|Summary:||Xamarin.iOS startup performance issue|
|Product:||iOS||Reporter:||Jerome Laban <jerome.laban>|
|Component:||XI runtime||Assignee:||Bugzilla <bugzilla>|
|Severity:||normal||CC:||danisha, lupus, miguel, mohitk, mono-bugs+monotouch, sebastien, vargaz|
|Tags:||Is this bug a regression?:||---|
|Last known good build:|
|Attachments:||A synthetic benchmark|
Description Jerome Laban 2014-04-08 21:29:32 UTC
Created attachment 6534 [details] A synthetic benchmark The cold-start of an application takes a significant amount of time on lower-end devices, like the iPhone 4 and iPad 2. The profiling sessions show that the time is spent in generic_trampoline_delegate, a method that will build the trampolines for generic method calls. I’ve attached a synthetic benchmark that reproduces the issue, which contains thousands of generic methods, in a similar way as our application does work with generic methods. On an iPad 2, the first call of the chain takes about 1150ms, whereas on the second call, it takes about 4ms (four). The caching mechanism of the mini runtime is working properly, as we can see that the time drops significantly. However, during the first calls, the time taken to resolve the methods is significant, and seems to linearly increase, in relation to the number of generic types present in the application domain. As a tentative performance improvement, parallelizing does not seem to have any impact, as when calling the same code on two threads, the first call takes 2330ms, where with the second call, both take 4ms (four). Note that the ratio between cold and warm time is *very* different with latest Apple devices, like the 5S, where the cold duration drops by a factor of 4. This has a great impact on the perceived performance of the app for the consumer, even though when the app is warmed up, the performance is great.
Comment 1 Zoltan Varga 2014-04-08 22:00:55 UTC
Thanks for the testcase. Checked in a fix to mono master 078dc0321d53f9e161957656550fd10cc41db618/mono-3.4.0 0081c27e0d6473a83cc856abf67c4a42dc21b53d. It improves the first run of the benchmark from 1.1s to 0.4s for me.
Comment 2 Jerome Laban 2014-04-09 11:10:33 UTC
Thank Zoltan, that's quite an improvement :) Would you know if that also improves the performance in multi-thread scenarios ? Thank you,
Comment 3 Zoltan Varga 2014-04-09 12:27:19 UTC
It probably does.
Comment 4 Jerome Laban 2014-04-09 14:56:28 UTC
I'm asking because of this: https://github.com/mono/mono/blob/078dc0321d53f9e161957656550fd10cc41db618/mono/metadata/metadata.c#L2808 Where there is contention when resolving the generic methods. The work being done inside the lock is pretty significant...

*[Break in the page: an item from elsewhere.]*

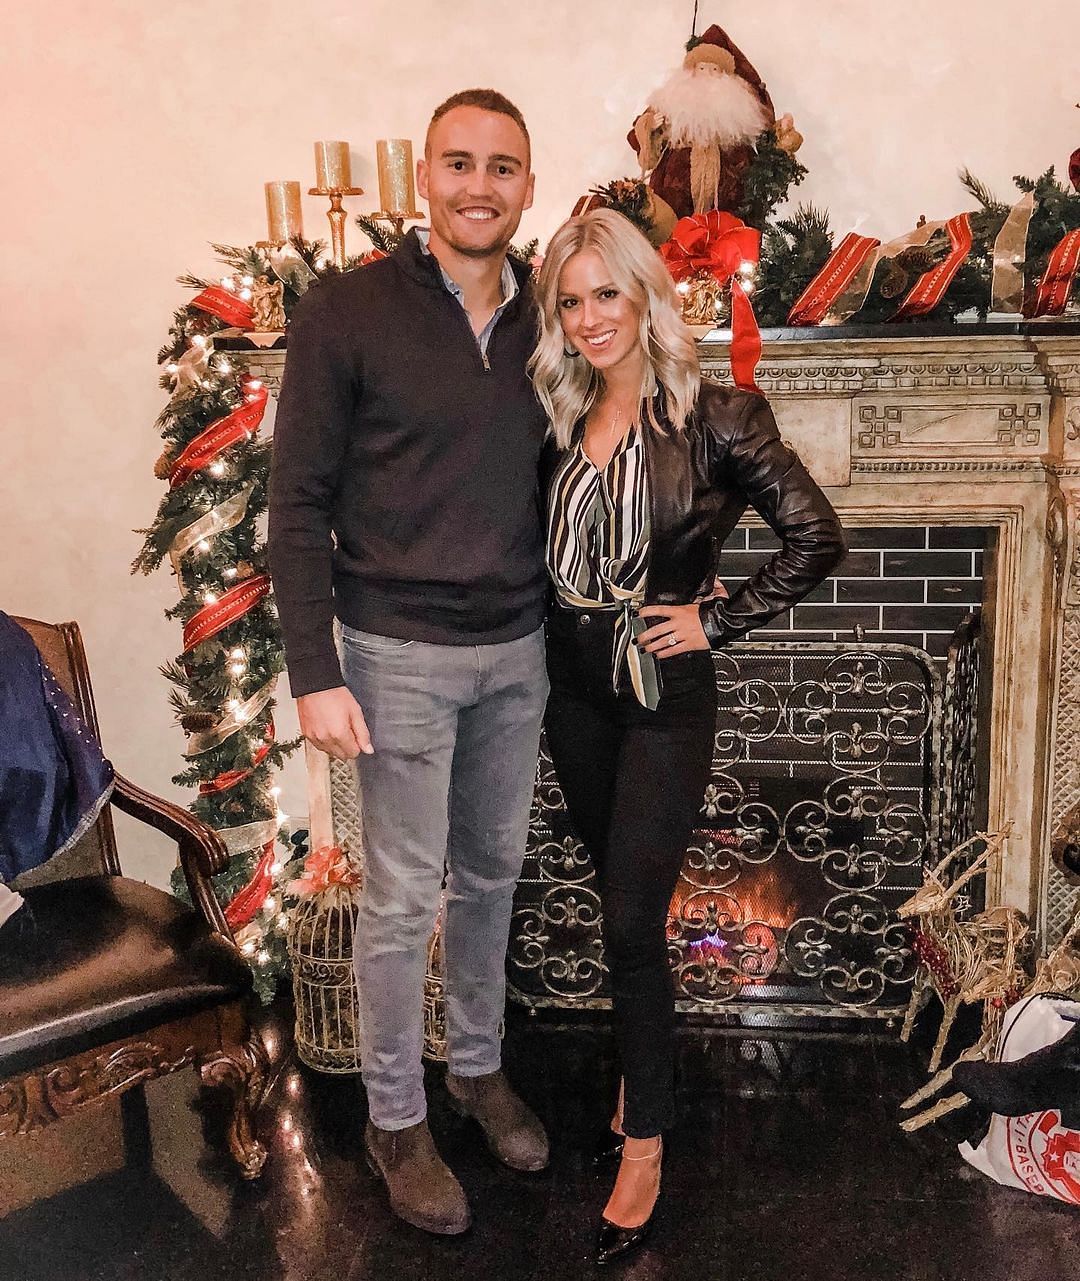 Brandon Nimmo and his wife. Brandon Nimmo&rsquo;s official Instagram account - @bnimmo24

Comment 5 Miguel de Icaza [MSFT] 2014-04-09 15:54:25 UTC
This patch introduced a regression, Mono no longer bootstraps, see:  https://github.com/mono/mono/commit/078dc0321d53f9e161957656550fd10cc41db618#commitcomment-5953321
Comment 6 Zoltan Varga 2014-04-09 15:59:28 UTC
The changes were reverted from master/3.4.0 for now. @Jerome: Will look at reducing the work done inside the lock.
Comment 7 Zoltan Varga 2014-04-11 23:17:10 UTC
Committed a fixed fix to mono master ea490c5486af6e1ce6ce8b1a117f1d99cf988df0. It will be in a future mt version after some testing.
Comment 8 Zoltan Varga 2014-04-17 12:28:14 UTC
The corresponding change on the 3.4.0 branch is 28145e01f42317e685ad1020a47ba746f164c28b.
Comment 9 Jerome Laban 2014-04-17 14:41:55 UTC
Using the same PoC, the run time is down from 1150ms to 268ms, same hardware. Great improvement Zoltan, thanks ! Note that the behavior for multi-thread is vastly better, bit still slower than the single-cpu test. (2330ms down to 380ms)
Comment 10 Sebastien Pouliot 2014-06-18 21:14:04 UTC
This fix is part of the 7.2.6 release (in th alpha channel right now).